Ra Pharmaceuticals Inc., of Cambridge, Mass., said in vitro and in vivo data published in the Proceedings of the National Academy of Sciences demonstrated that treatment of Escherichia coli sepsis with RA-101295, a macrocyclic peptide inhibitor of complement component 5, was associated with significant organ protection and markedly reduced mortality. In baboons receiving lethal doses of E. coli, treatment with RA-101295 blocked sepsis-induced inflammation, preserved endothelial cell function, decreased leukocyte activation and reduced overall mortality vs. placebo, while exhibiting no detrimental effects on the clearance of bacteria.

Recce Ltd., of Sydney, reported that its new automated manufacturing facility in Sydney is now producing its synthetic antibiotic synthetic antibiotic, Recce-327, at volumes suitable for trials in preparation for phase I and II studies.

Regenacy Pharmaceuticals LLC, of Boston, presented preclinical data at the Alzheimer's Association International Conference in London supporting the use of selective inhibition of HDAC 1,2 as a potential treatment approach for Alzheimer's disease (AD). Regenacy scientists used RCY-1305 as a tool compound in two mouse models of AD to explore the mechanism of HDAC inhibition in synaptic plasticity and neurodegeneration. The studies showed that chemical inhibition of HDAC1 and 2 in the brain improved performance in spatial learning tasks in normal and cognitively impaired mice.

Taiwan Liposome Co. Ltd., of Taipei, Taiwan, said TLC-178 received orphan designation from the FDA for soft tissue sarcoma. The drug, a liposomal-encapsulated formulation of vinorelbine, is in a phase I/IIa dose-escalation study at sites in the U.S. and Taiwan. It previously was designated a rare pediatric disease drug for rhabdomyosarcoma, a type of soft tissue sarcoma.

Takeda Pharmaceutical Co. Ltd., of Osaka, Japan, and Schrödinger Inc., of New York, formed a multitarget research collaboration using Schrödinger's in silico platform, with Takeda providing protein crystal structures, to design new chemical entities against diseases in Takeda's area of interest.

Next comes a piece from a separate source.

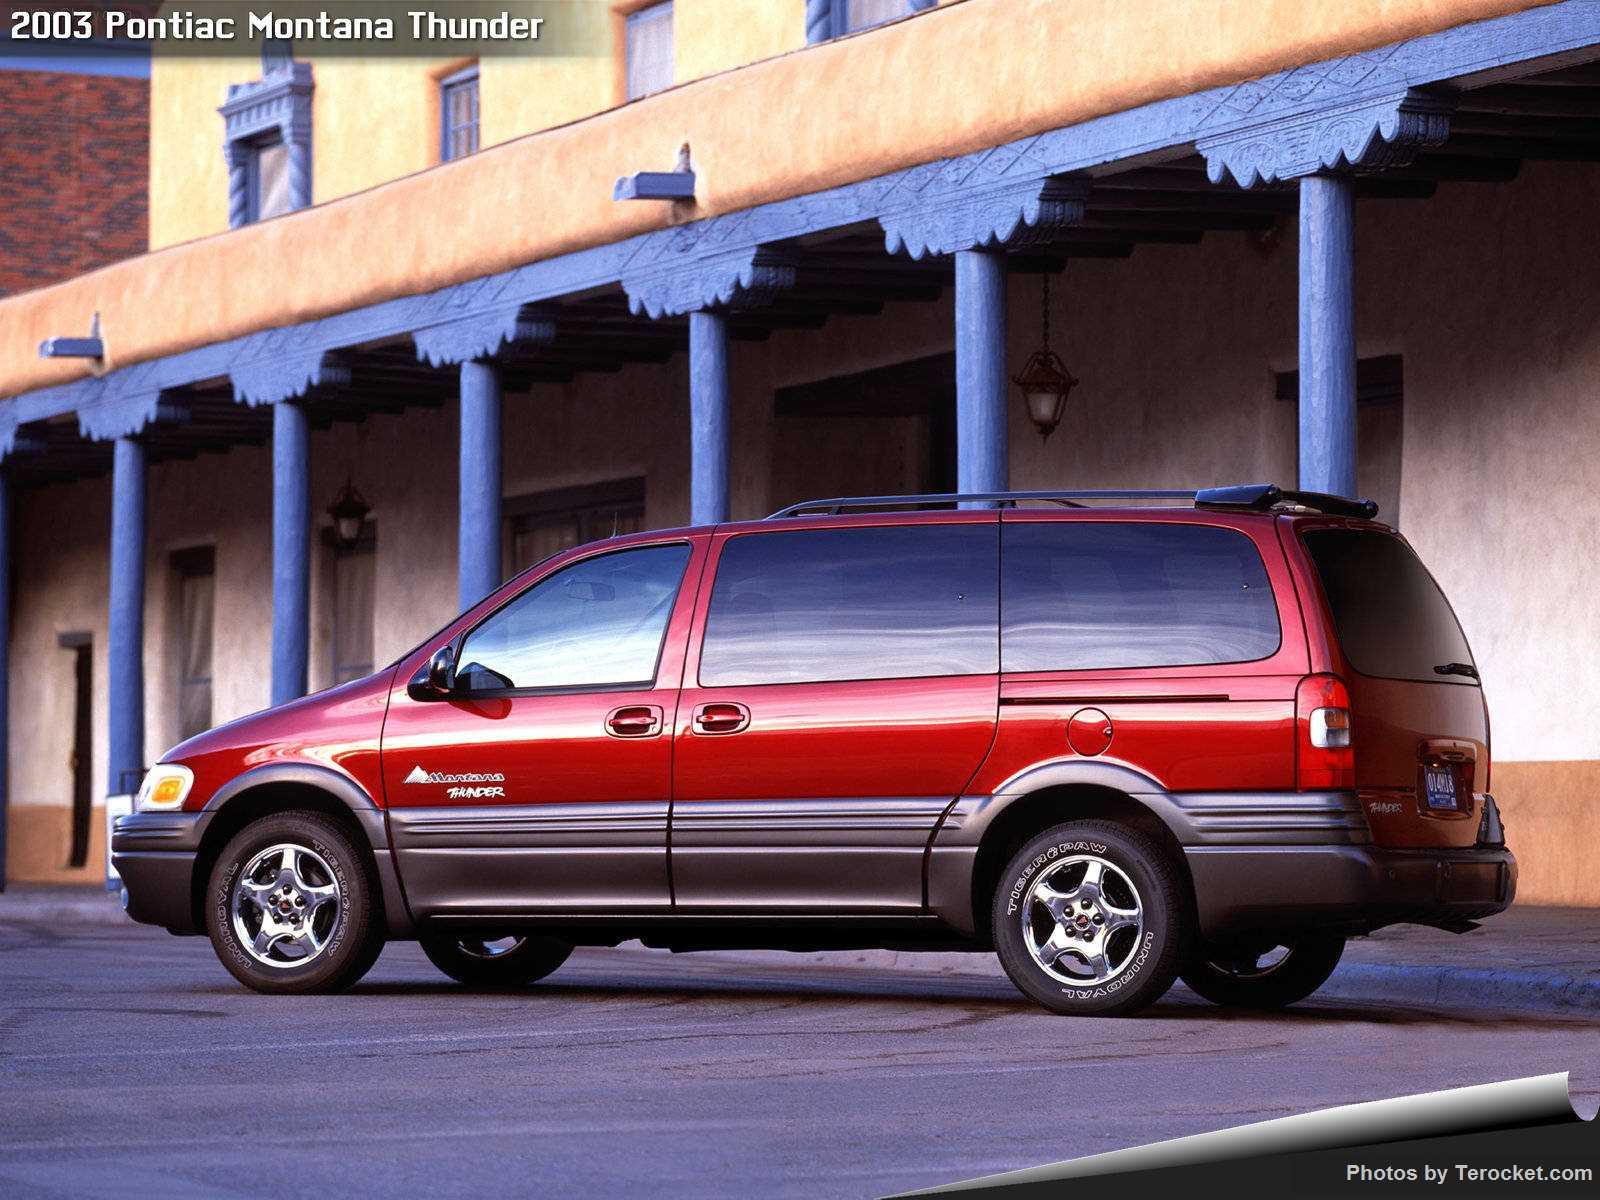 Hình ảnh xe ô tô Pontiac Montana Thunder 2003 & nội ngoại thất

Under the terms, Takeda will have the option to exclusively license the programs from Schrödinger later in discovery at established economic terms, including preclinical, clinical and commercial milestones of up to $170M per program, as well as royalties on future sales. Additional financial details are not being disclosed.

Teva Pharmaceutical Industries Ltd., of Jerusalem, said the National Institute for Health and Care Excellence has recommended use of Cinqaero (reslizumab) in the U.K.'s National Health Service as add-on therapy in adult patients with severe eosinophilic asthma inadequately controlled despite high-dose inhaled corticosteroids plus another medicinal product for maintenance treatment. The recommendation took the form of a final appraisal determination. The European Commission granted marketing authorization for Cinqaero in August 2016. The drug won FDA approval in March 2016.